Назавтра, когда Кэразерс спозаранку вышел из дому — в восемь ему надо было быть уже на пароходе,— его ждал Альберт с машиной. На нем были парусиновые брюки, трикотажная нижняя рубашка и берет, какие носят баски. Чемоданы лежали на заднем сиденье. Кэразерс повернулся к дворецкому. — Положите мои вещи рядом с шофером,— сказал он.— Я сяду сзади. Альберт промолчал. Кэразерс сел, и машина тронулась. Когда приехали в порт, к ним подбежали носильщики. Альберт вышел из машины. Кэразерс посмотрел на него с высоты своего роста. — Вам незачем провожать меня на борт. Я прекрасно справлюсь сам. Вот ваши чаевые.

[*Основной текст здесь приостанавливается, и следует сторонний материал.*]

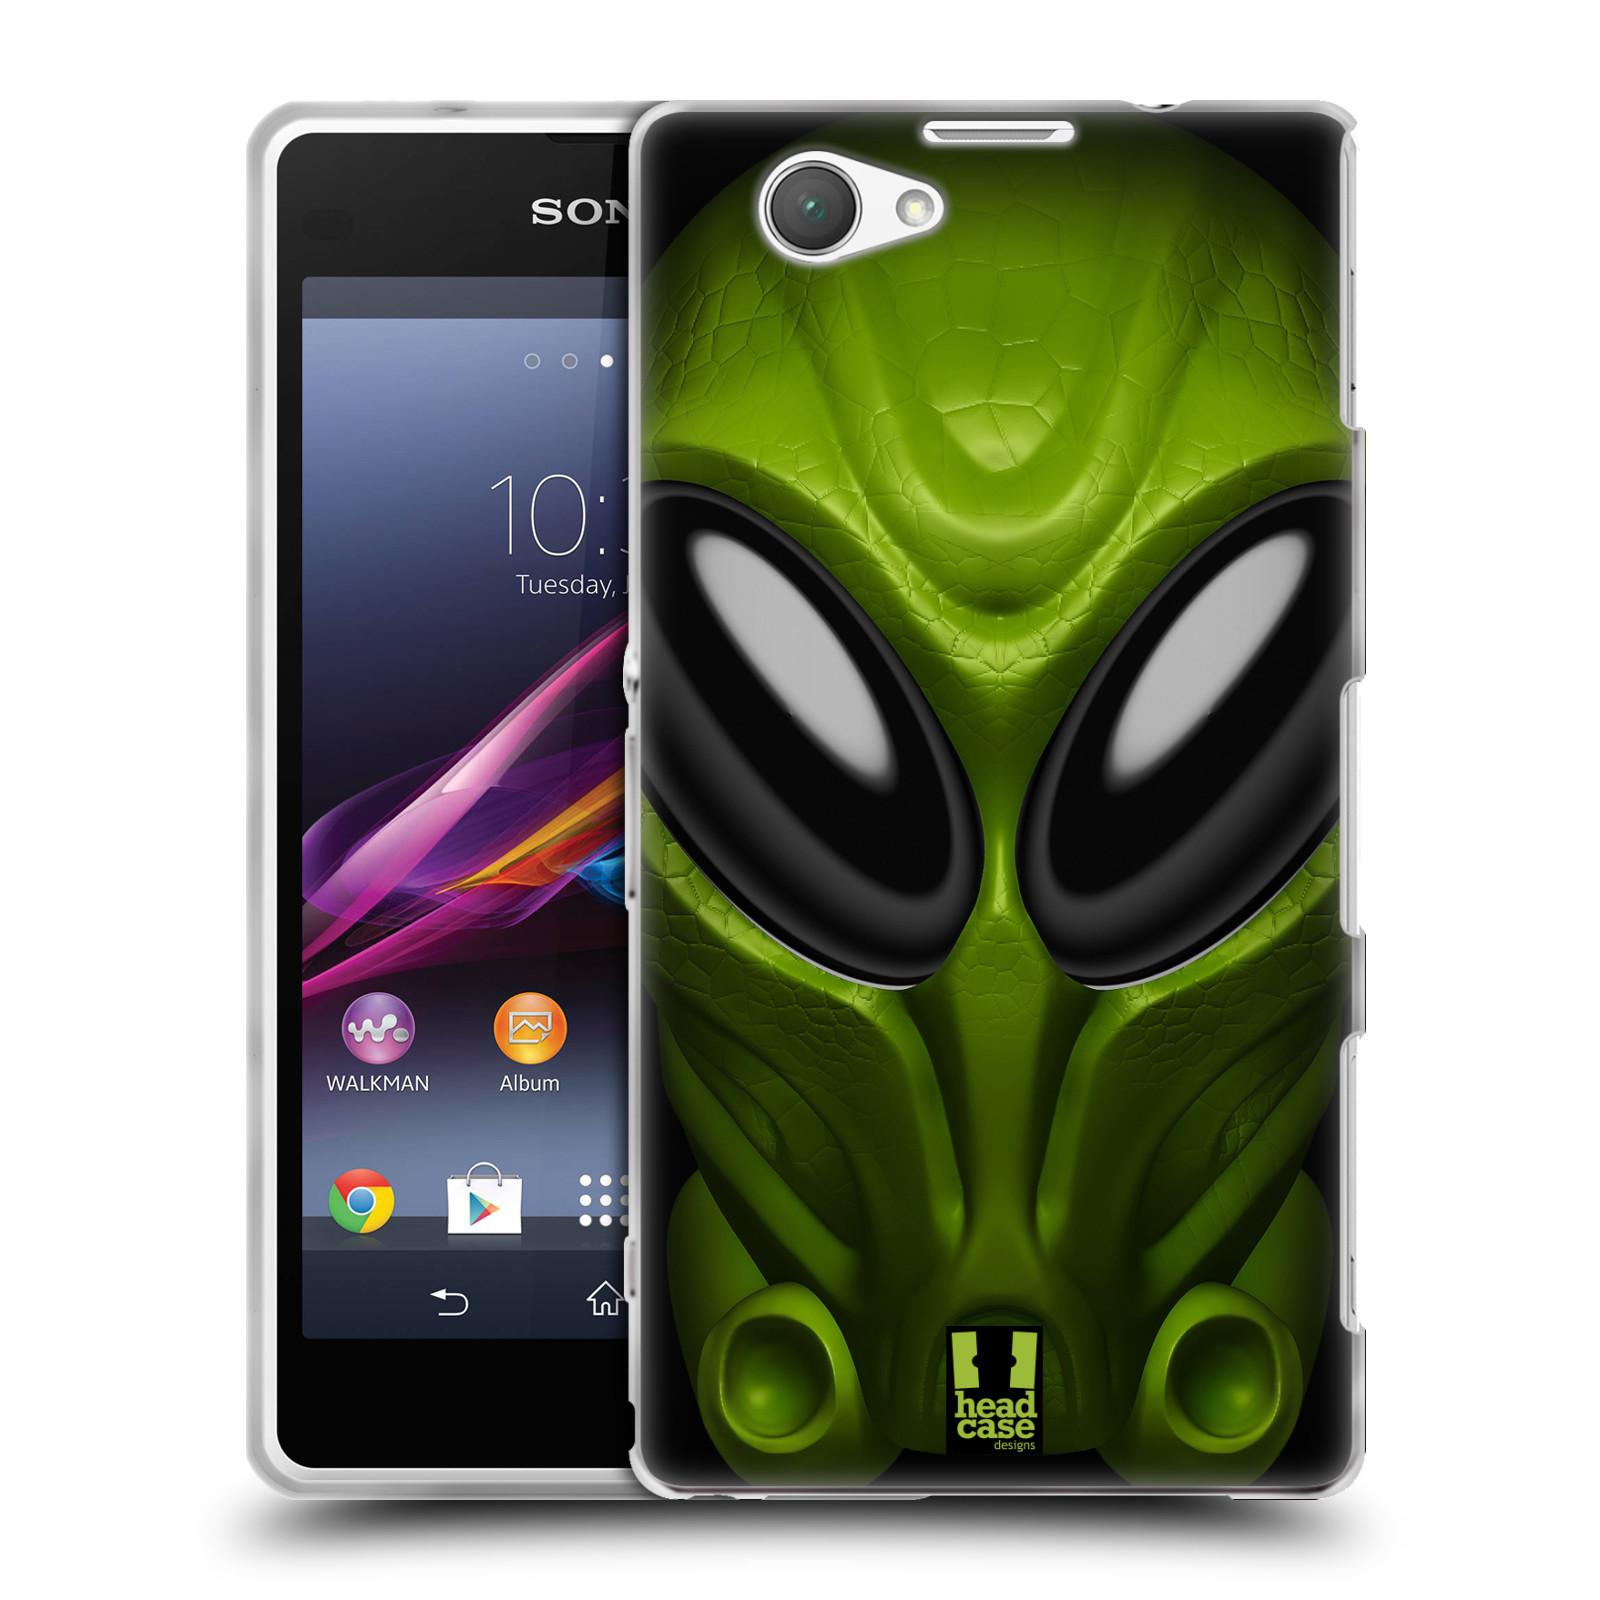 Silikonové pouzdro na mobil Sony Xperia Z1 Compact D5503 - Head Case - Ufoun Mastermind

И он протянул бумажку в пять фунтов. Альберт густо покраснел. Застигнутый врасплох, он бы рад был отказаться, да не знал, как это сделать, и сказалась многолетняя привычка к подобострастию. Может быть, он и сам не знал, как у него вырвалось: — Благодарю вас, сэр. Кэразерс сухо кивнул ему и пошел прочь. Он заставил любовника Бетти сказать ему «сэр». Как будто ударил ее с размаху по смеющимся губам и швырнул в лицо позорное слово. И это наполнило его горьким удовлетворением.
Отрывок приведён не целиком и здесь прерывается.